The resulting data set is much wider than simple "open or closed" circuit constraints seen on traditional keyboards. By applying pre-determined thresholds to incoming signals, Apple's invention can in some cases detect errant key presses and support force-sensitive input applications.
Other embodiments include dynamic threshold adjustments on a per-key and per-application basis, allowing users to set one input level for word processing and another for gaming.
As for tactile feedback, Apple's invention includes contingencies for installing structures formed from a materials capable of elastic deformation such as an electroactive polymer or shape-memory metal. In some embodiments, users can adjust the feel of these components on the fly.
Apple's document goes on to describe alternative embodiments and a detailed rundown of how the optical sensor mechanism functions. The company also mentions manufacturing benefits of deploying a decoupled keyboard system.
It is unclear whether Apple intends to implement its customizable keyboard in a future Mac product. The company is, however, expected to announce new Mac hardware at a special event next week.
Apple's patent application for a keyboard with decoupled electrical and mechanical functionality was first filed for in April 2015 and credits Chang Zhang, Dayu Qu, Ray L. Chang and John S. Camp as its inventors.
Comments
All said , there is still room for improvement in the new keyboard. It will not be long before the LED Keyboard is completely customizable. Or at least you will be able to see the other keys available when you press a function key. I still look for the special characters and would love to see them on the actual keyboard.

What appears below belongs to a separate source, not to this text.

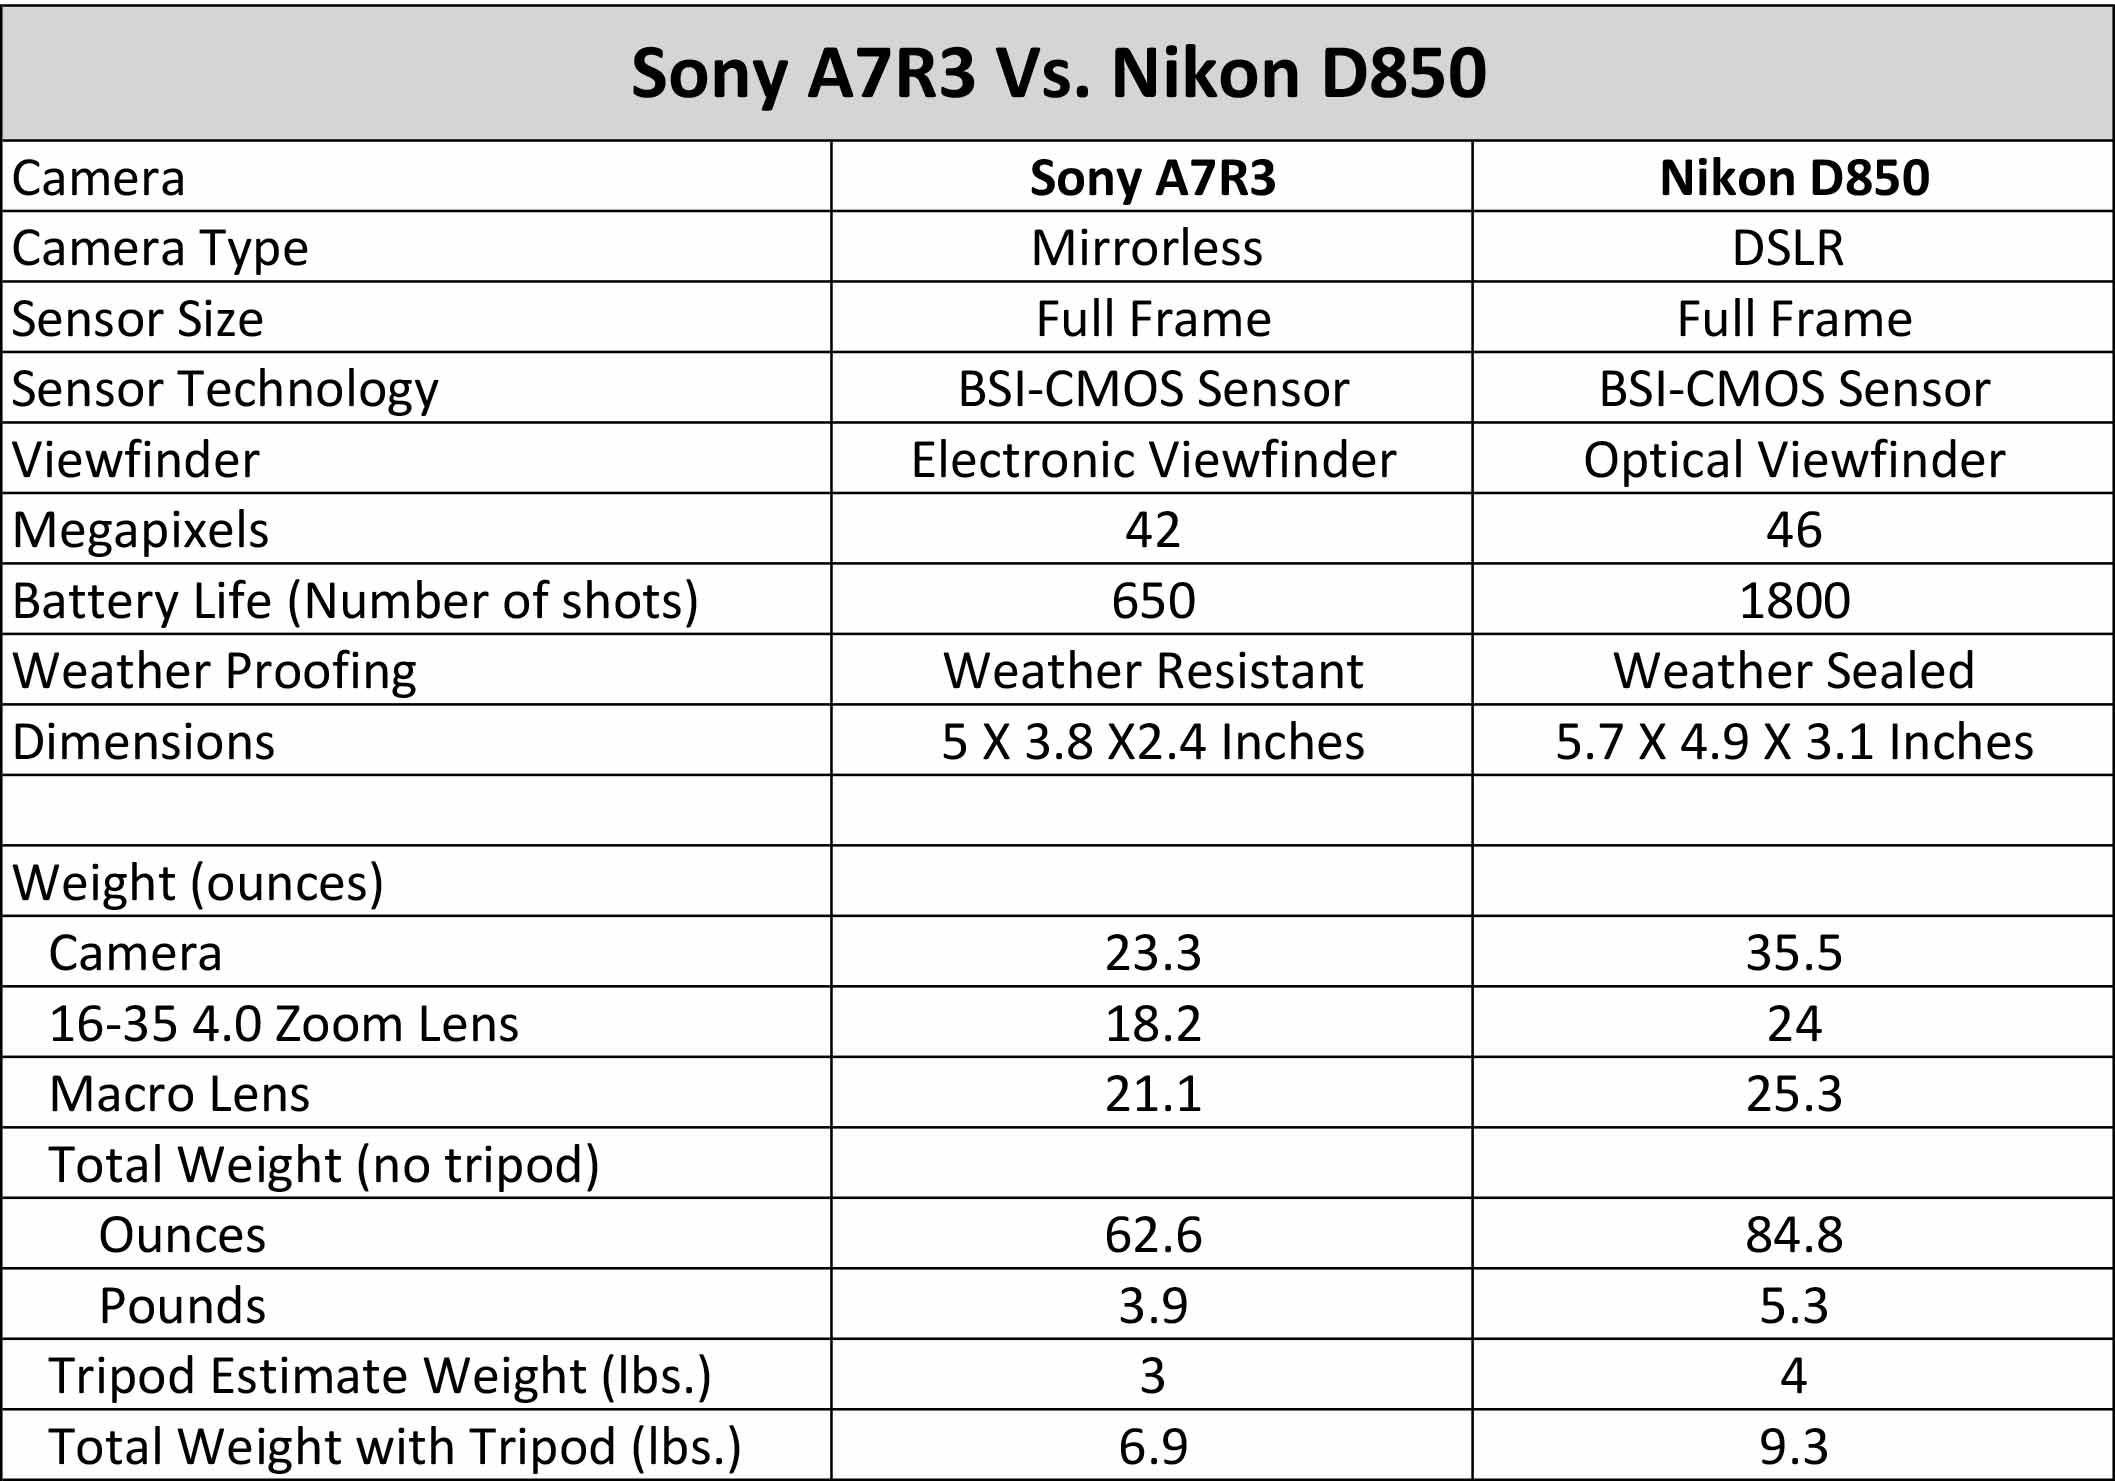 Sony versus Nikon

Reduced travel can affect accuracy, if the user can't tell whether they hit the key hard enough to register, or they strike the key too hard, and accidentally hit adjacent keys as a result. Even if the spacing has more of an effect, users may be distracted by the different feel of the keys, and blame that for the errors, which will lead to a distrust of a shallow travel keyboard.
Still, Apple have been training us to get used to less travel in the keyboard, with the switch to the "Chiclet" keyboard, the "glass" keyboard on the iPhone and iPad, and the butterfly switches on the MacBook. Eventually I expect keys will have no actual travel, but will fool us with haptic feedback, the same way the trackpad and the new home button do. The real trick is fooling us into thinking there are physical keys there to better enable touch typing.
Couple this analog travel with variable tactile feedback, and now each key has multiple user-detectable levels of actuation or function. Push too lightly, and you get nothing. Push really hard and you get a second function (like a capital letter or an alt-keystroke). One could feel each click more and more as they pushed down more.
Since it's analog, it can be made user configurable. Don't like how little force it takes to get a mis-typed key? Adjust it in system preferences to be less sensitive. Want the lightest touch to work so you can type silently? Make it less sensitive? Tired of accidentally hitting the space bar? Notch it up so when you gotta really push it.
I would expect this this on a keyboard for an iMac or Mac Pro instead of a MacBook. Since it probably would make a standard keyboard thicker (at least until Apple could refine the tech).
Or am I completely misunderstanding this patent?
I'd like to see Apple add tactile feedback to iPads using 3D Touch, but this isn't that patent.